Addition of multiple ubiquitin moieties on WASH unlocks its default auto-inhibited state and makes it active. Previous studies from Dr. Ryan Potts’s lab at the University of Texas Southwestern Medical Center1 and others have shown that the MAGEL2-TRIM27 ubiquitin ligase complex is responsible for this poly-ubiquitination step. Interestingly, over the last few years, Dr. Christian Schaaf’s team at the Baylor College of Medicine and NRI have demonstrated that patients suffering from Prader-Willi (PWS) and Schaaf-Yang syndromes, neurodevelopmental disorders characterized by intellectual disability, autism and low muscle tone, have defective MAGEL2 function2.

In a recent study published in Molecular Cell3, these two groups in collaboration with others, have identified a novel role for Ubiquitin-specific peptidase 7 (USP7), a deubiquitinating enzyme, in PWS, Schaaf-Yang syndrome and a hitherto unidentified neurological disease.

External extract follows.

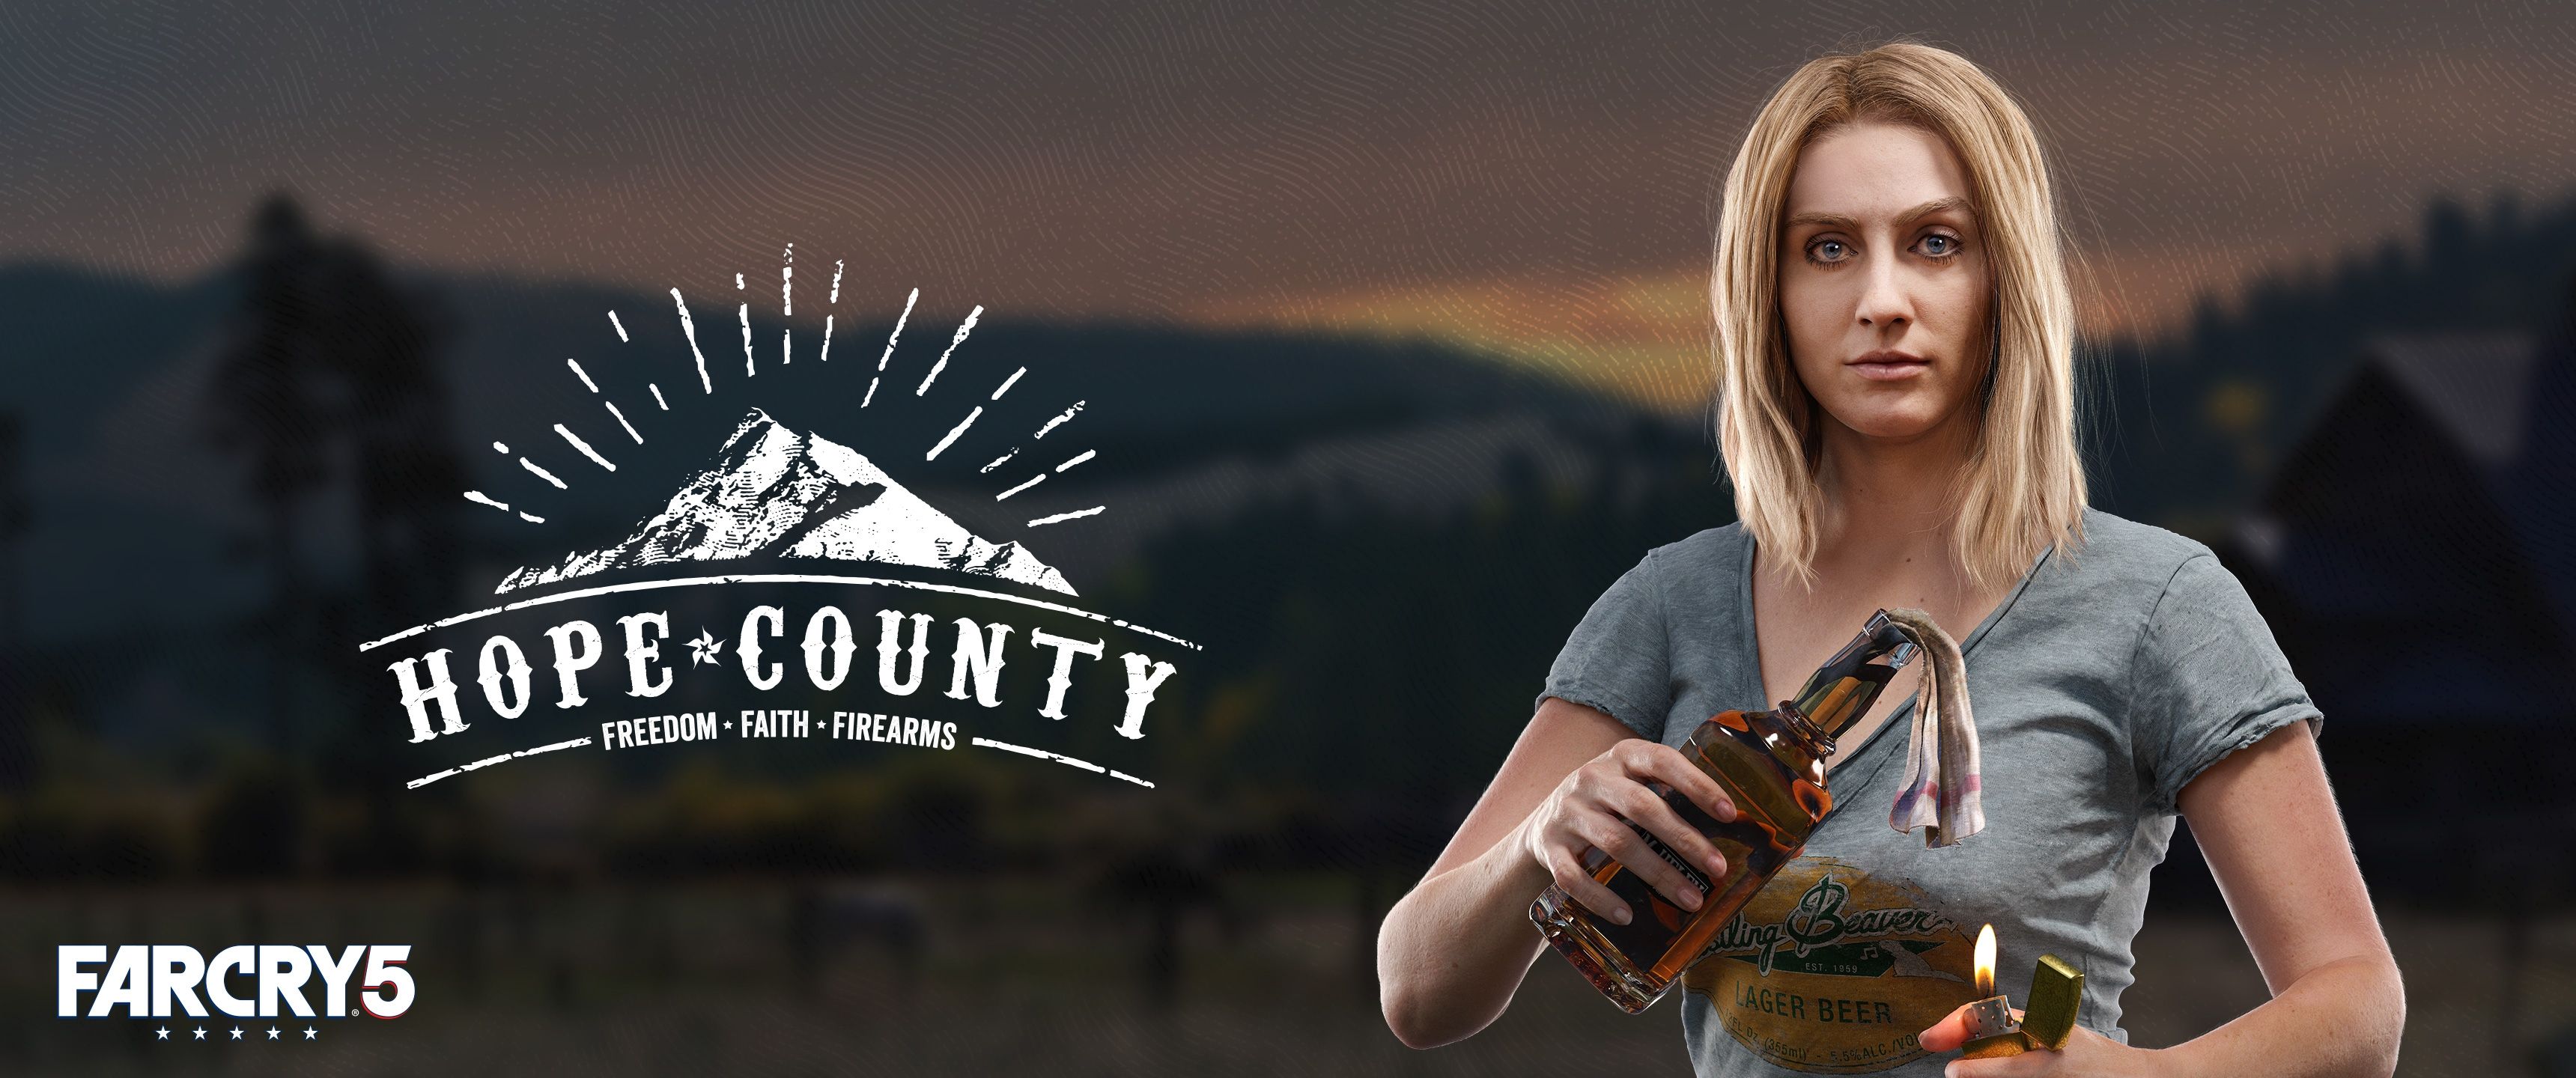 Download 3440x1440 Far Cry Hope County, Woman Wallpaper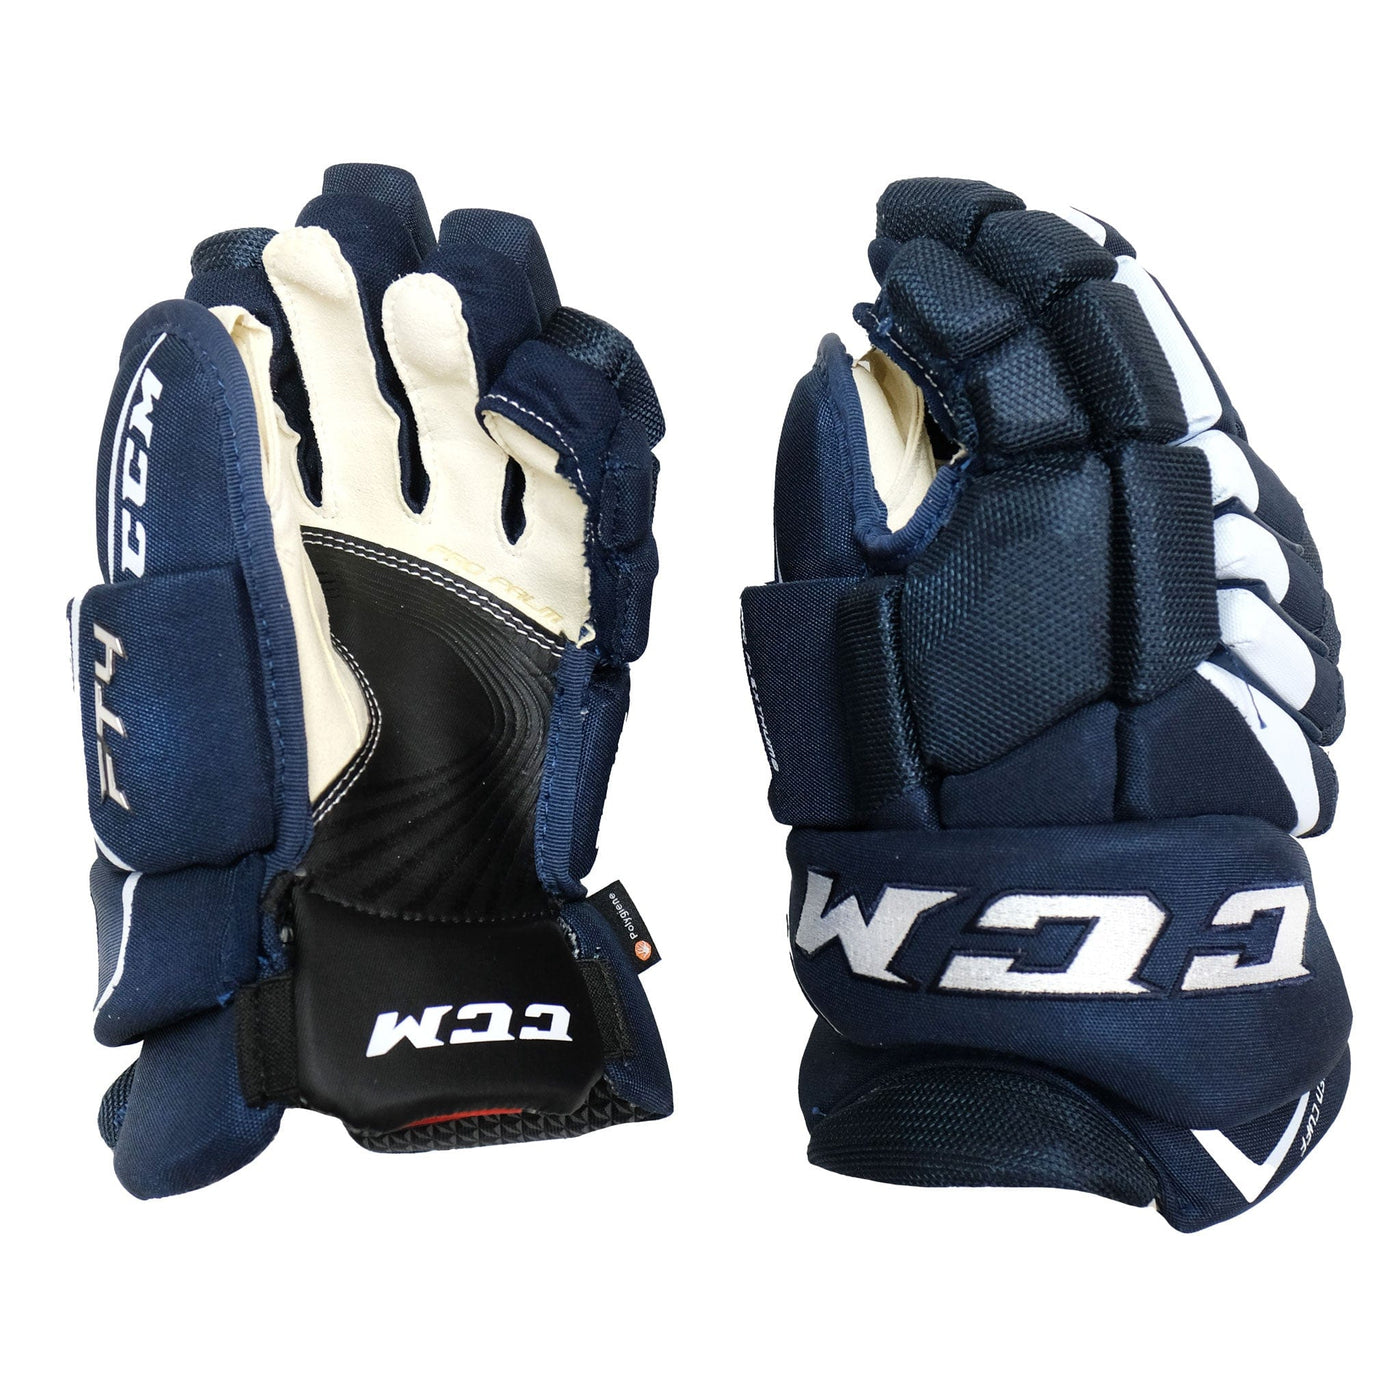 CCM Jetspeed FT4 Junior Hockey Gloves - The Hockey Shop Source For Sports

The authors initiated this study to identify interacting partners of MAGEL2-TRIM27 and were surprised to isolate a deubiquinating enzyme, USP7 as one of the interactors. They found that USP7 exists in a stable complex with MAGEL2-TRIM27 and acts in concert to finely regulate WASH-mediated protein trafficking.

They found that USP7 performs two seemingly opposing yet extremely critical roles: it deubiquitinates WASH, but at the same time stabilizes TRIM27 by preventing its auto-degradation, which then, in turn, leads to ubiquitination of WASH, in favor of endosomal recycling pathways. This study provides novel insights that advances our understanding of a fundamental cell biological process.

The team was excited to note that this protein triad is indispensable in the neurons of hypothalamus, the region of the brain that is functionally defective in Prader-Willi and Schaaf-Yang syndromes. This indicated that defective function of this complex could perhaps be the underlying cause for some of the symptoms and encouraged them to look for outcomes of USP7 mutations.

The most exciting and astonishing aspect of this study is how quickly a basic science discovery made at the bench can be applied to patients, thanks mainly to rapid strides that we have made in sequencing technologies. After analyzing DNA sequences of tens of thousands of patients with unidentified neurodevelopmental disorders, they found seven individuals with mutations in USP7. Amazingly, all these individuals exhibited characteristic hallmarks of Schaaf-Yang syndrome with varying severity, clearly highlighting the close molecular and clinical relationship between MAGEL2 and USP7.

In summary, this study has identified MAGEL2-TRIM27-USP7 as the molecular nexus, and therefore, a potential therapeutic target for the various neurobehavioral symptoms experienced by patients suffering from Prader-Willi or Schaaf-Yang syndromes, and related neurodevelopmental disorders.